I don't know if there is any guarantee that the compiler will concatenate the calls into member objects (sure and deadly) so they compile down to a single function call. I think they will optimize access to simple member variables of POD type, so get/set methods are usually optimized down. If that's not the case your incurring 2 function calls for each method (SetDeadly,etc..) and that would explain the increase in cost.

Not sure that might also be due to the class being a templated and how robust gcc optimizes for templates classes. Too many unknowns really to determine that.

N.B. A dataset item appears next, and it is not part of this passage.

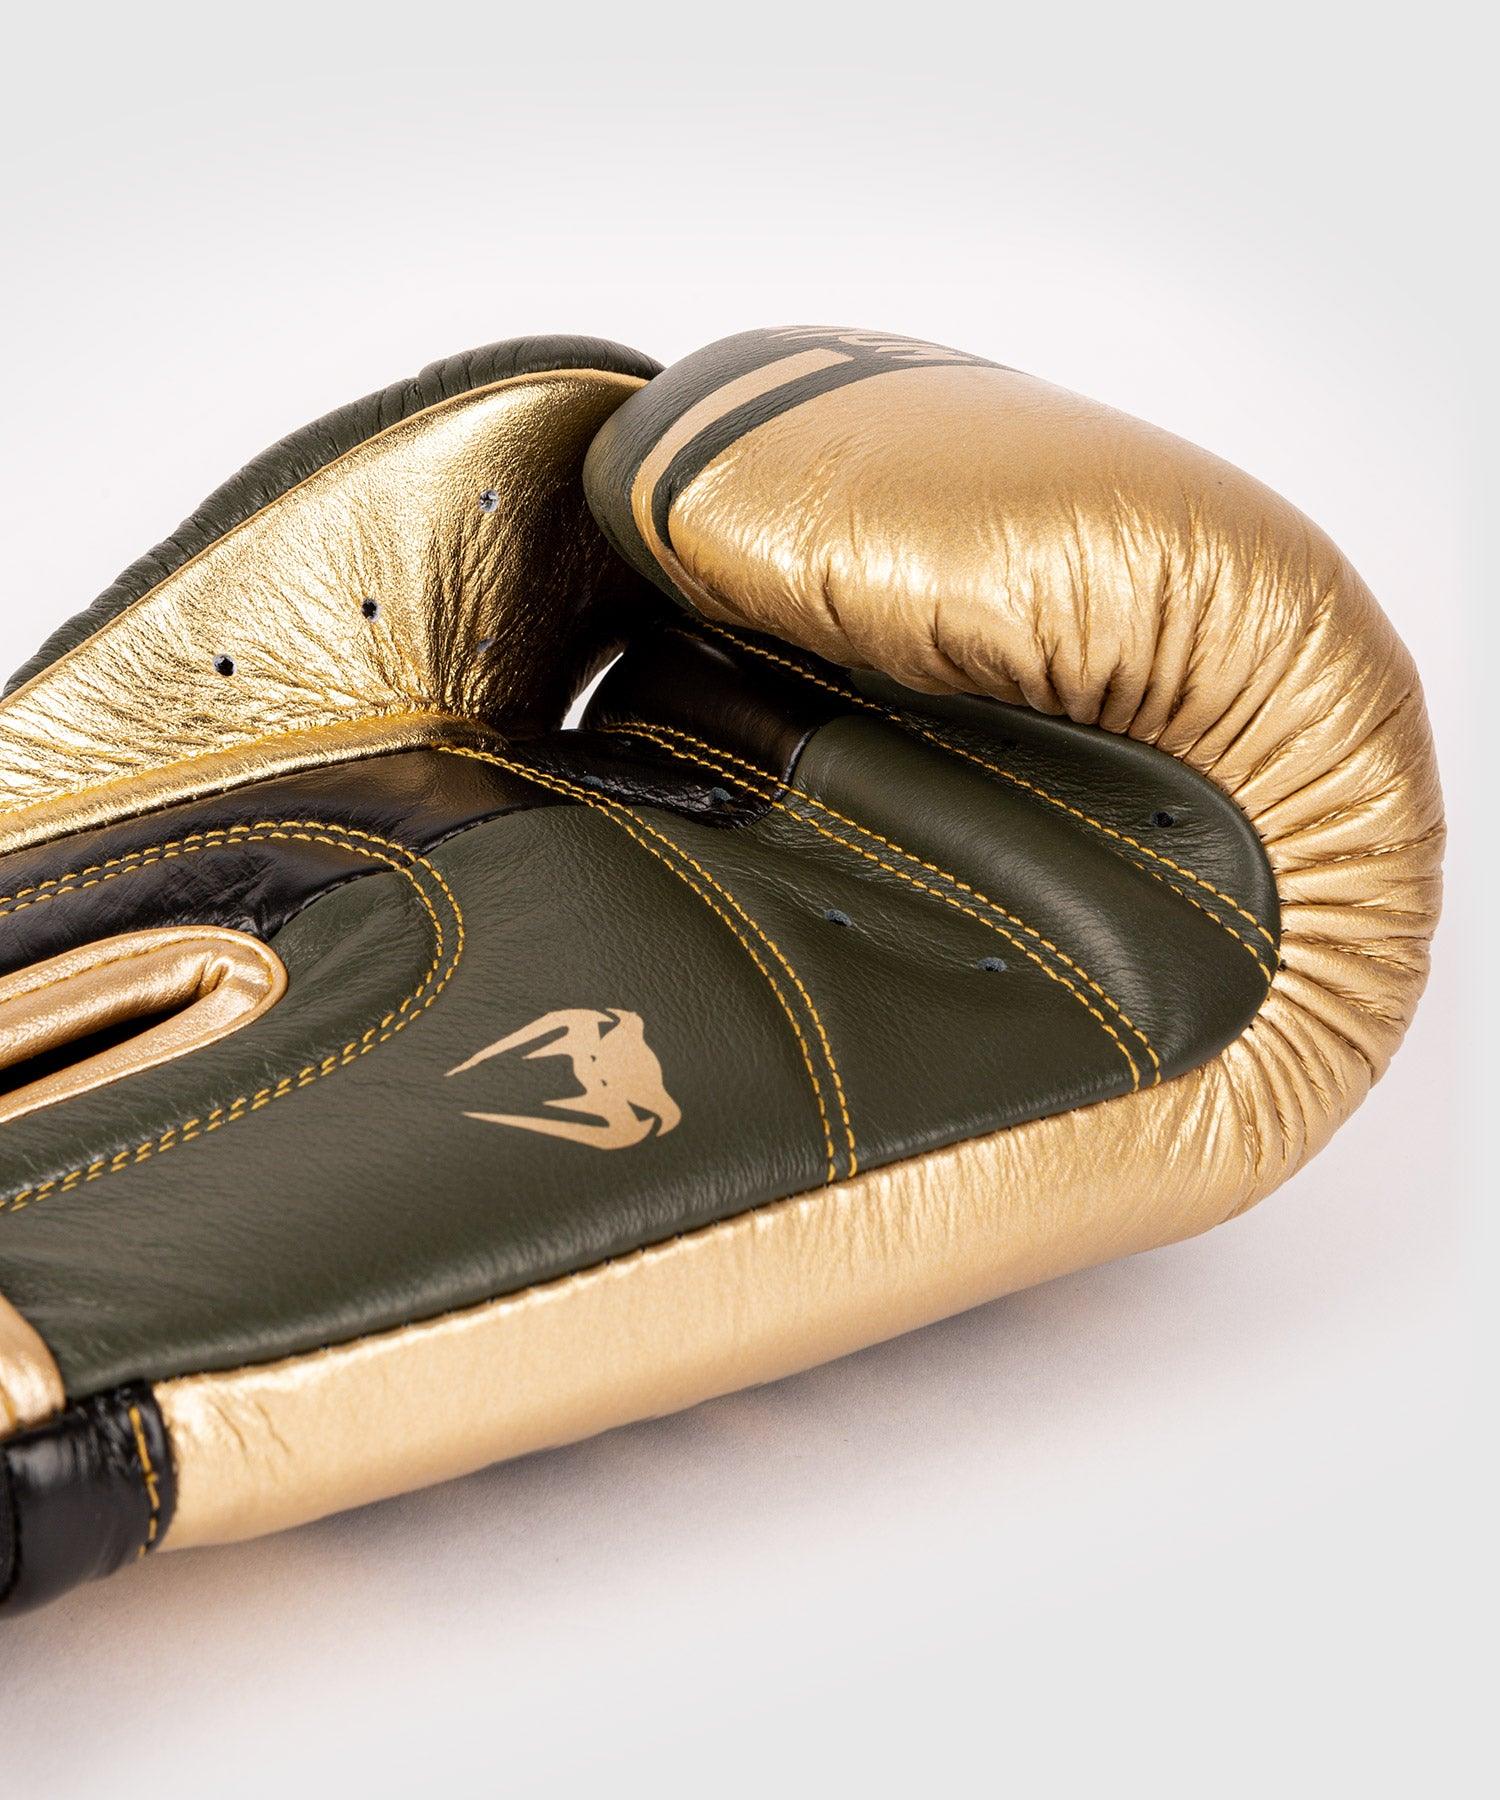 Venum Shield Pro Boxing Gloves Velcro - Khaki/Gold Picture 5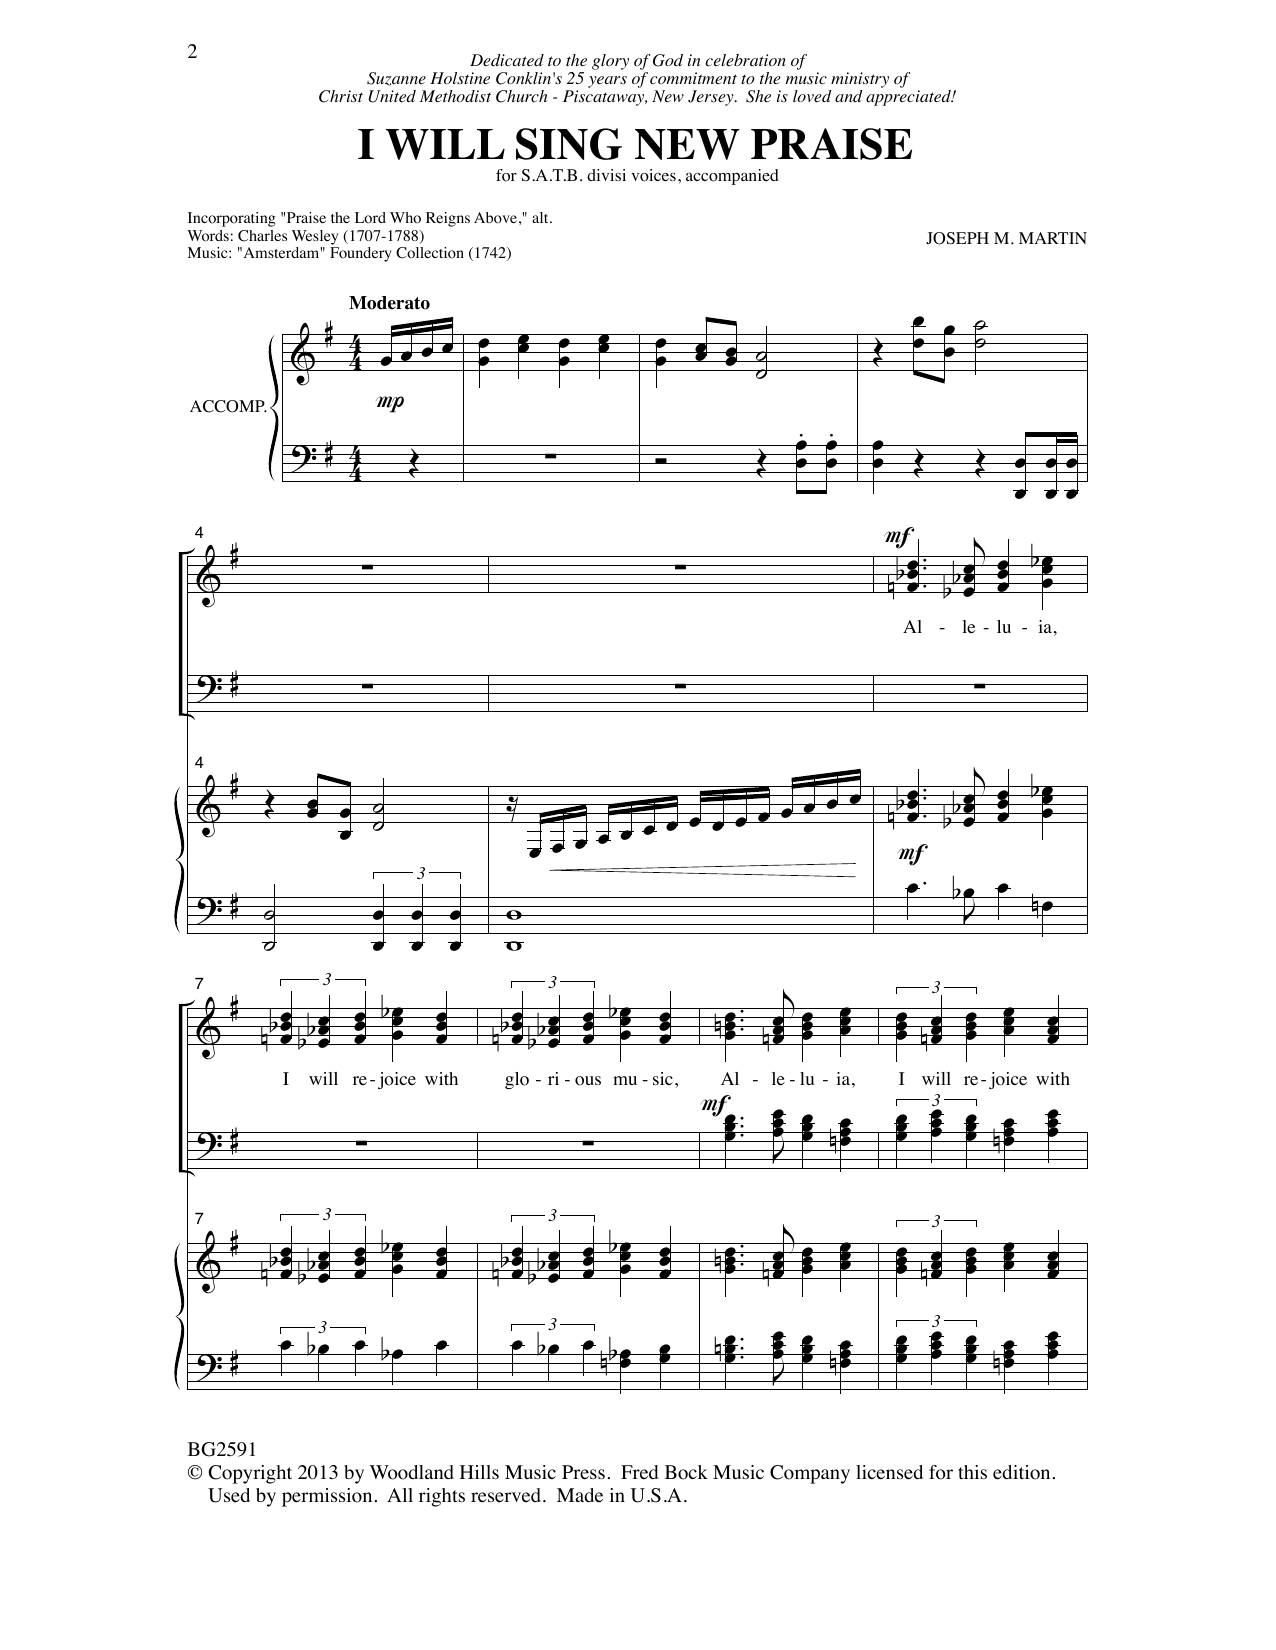 Joseph Martin I Will Sing New Praise Sheet Music Notes & Chords for SATB Choir - Download or Print PDF

You'll have to break it down and systematically test for these possibilities.

Good Luck!

-ddn
You may be able to also suggest/enforce "inline", but if it's enforce, be careful - A good compiler is usually right about optimization.
Aren't functions defined in a header always inline?
Also, yes it is release build, with -O2 enabled.
I trust exceptions about as far as I can throw them.
Inline (AFAIK) in most compilers is an attribute given to a function/method to suggest or enforce, well, inlining. I may be wrong, but I don't think it's the kind of thing that would go in a header, generally - It would go on specific functions (Possibly on the functions in the header, just to confuse things)
Quote:Original post by Storyyeller
Aren't functions defined in a header always inline?
Also, yes it is release build, with -O2 enabled.
Yeah if you implement the function inside the body of the class like you have, then it's implicitly inline (i.e. it's the same as if you put the inline keyword on the front). However, the inline keyword is just a hint to the compiler that you'd like it to be inlined (and a warning to the linker that it's going to find duplicates), the compiler can still choose not to inline it if it wants to.
Some compilers have extra keywords, like __forceinline that are stronger than just "hints".